Parts of a snowflake ID:

  • sign bit: will always be 0

  • this is because some languages don't support unsigned integers properly (Java and PHP are notable cases)

  • next 41 bits: milliseconds since custom epoch

  • next 4 bits: region id

  • next 10 bits: worker id

  • lowest 8 bits: sequence number

       sign           ms since custom epoch            region    worker     sequence  
      | 0 |                               16917051000 |    2 |         26 |       37 |
      | 0 | ----------------------------------------- | ---- | ---------- | -------- |
      | 0 | 00000001111110000010101011011011001111000 | 0010 | 0000011010 | 00100101 |
      
      ID: 70955254678034981
    

This has been implemented to always provide positive signed 64bit integers rather than using unsigned 64bit integers so that Java (prior to version 8) can use these IDs without painful workarounds.

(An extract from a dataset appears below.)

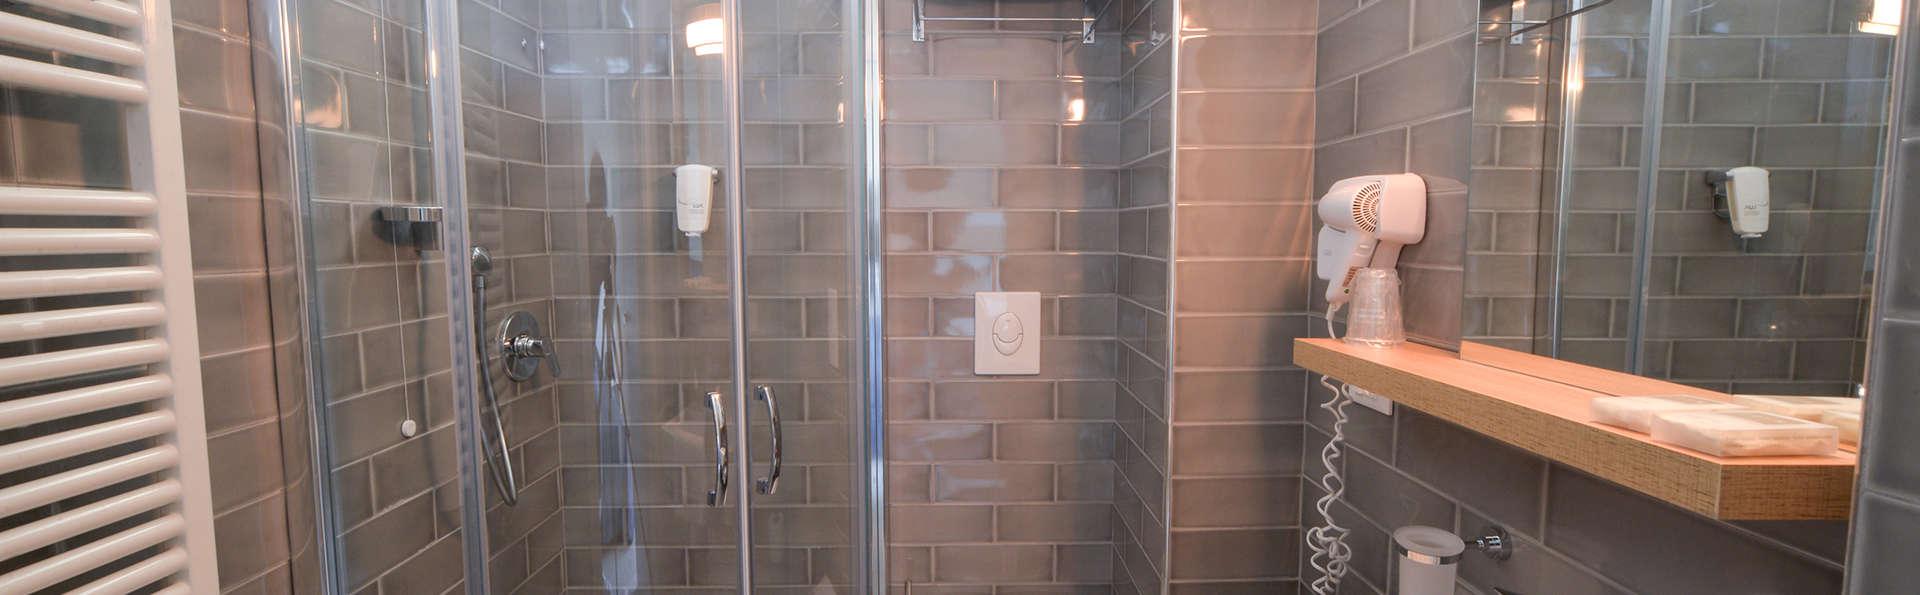 Nautilus Family Hotel - Edit_Bathroom5.jpg

The number of bits assigned to each of the parts as well as the custom epoch start time can be adjusted in src/snowflake.h by modifying the SNOWFLAKE_* constants and the project recompiled. Be sure that the sum of the 4 *_BITS constants does not exceed 63 bits as that will cause overflow on the ID.

Limits

The theoretical limit to the algorithm is approximately 2^4 * 2^10 * 2^8 * 1000 or ~4.2B IDs per second by 2^4 * 2^10 worker processes. Due to the single threaded nature of the daemon, CPU clock speed is the primary limiter to the rate at which IDs can be generated. On a 2.8ghz Intel Core i7, I have benchmarked to about 130k IDs per second which is why I chose 8 bits for the sequence (would take approx 5ghz CPU to overrun the sequence). Unfortunately, I have been unable to squeeze anymore performance out of the daemon due to the fact that the majority of the CPU is spent in libevent library handling the connections.

Components

Core

snowflaked

This is the main server daemon

Required Arguments:

    -r REGIONID, --region REGIONID
                        Region ID for the process

    -w WORKERID, --worker WORKERID
                        Worker ID for the process

Optional Arguments:

    -p PORT, --port PORT
                        Port number for the server to run on. 
                        Default: 8008

snowflake

Command line client for snowflaked

Optional Arguments

    -h HOST, --host HOST
                        Hostname of the server to query
                        Default: localhost

    -p PORT, --port PORT
                        Port number on the server to query
                        Default: 8008

sfbench

Command line client for generating load on snowflaked daemon

    -h HOST, --host HOST
                        Hostname of the server to query
                        Default: localhost

    -p PORT, --port PORT
                        Port number on the server to query
                        Default: 8008

    -n ITERATIONS, --iterations ITERATIONS
                        Number of ID GET calls to make to the server
                        Default: 1000

    -m MODVALUE, --output-every MODVALUE
                        Modulus value to set how often to write to stdout
                        Default: 1 (write line to stdout for every GET call)

Clients

PHP

There is an extension for PHP in clients/php-extension that can be compiled. See clients/php-extension/README.md

Python

Coming soon

Others client libraries

Node.js, Ruby, Java, Scala, etc: I plan to chip away at writing clients for many other languages, but if anyone would like to help with writing more client libraries, let me know and I would be happy to help out

Building

Dependencies

Library dependencies:

  • libevent 2.x
  • check 0.9.8 (need to test if check lib detection is working properly)

Build dependencies:

  • libtoolize/glibtoolize
  • autotools (aclocal, autoheader, autoconf, automake)

Debug build dependencies:

  • gperftools

Installing dependencies

Mac OSX

If you have homebrew installed, you can run the following to install all needed build dependencies:

    ./homebrew_install_dependencies.sh

Debian/Ubuntu

    sudo apt-get install libevent-dev pkg-config check libtool automake autoconf gperftools

you can leave out gperftools if you are not planning on compiling the debug version

RHEL/CentOS

    sudo yum install libevent-devel pkgconfig check libtool automake autoconf gperftools

you can leave out gperftools if you are not planning on compiling the debug version

Compiling/Installing:

  • ./bootstrap.sh
  • ./configure [--enable-debug]
  • make
  • sudo make install

Protocol

The daemon implements a simple text protocol:

Get ID request:

    GET\r\n
Server ID response:

64bit integer preceeded by "+"

    +70955254678034981\r\n
Server error response:

If there is an error, the response will be preceeded by "-"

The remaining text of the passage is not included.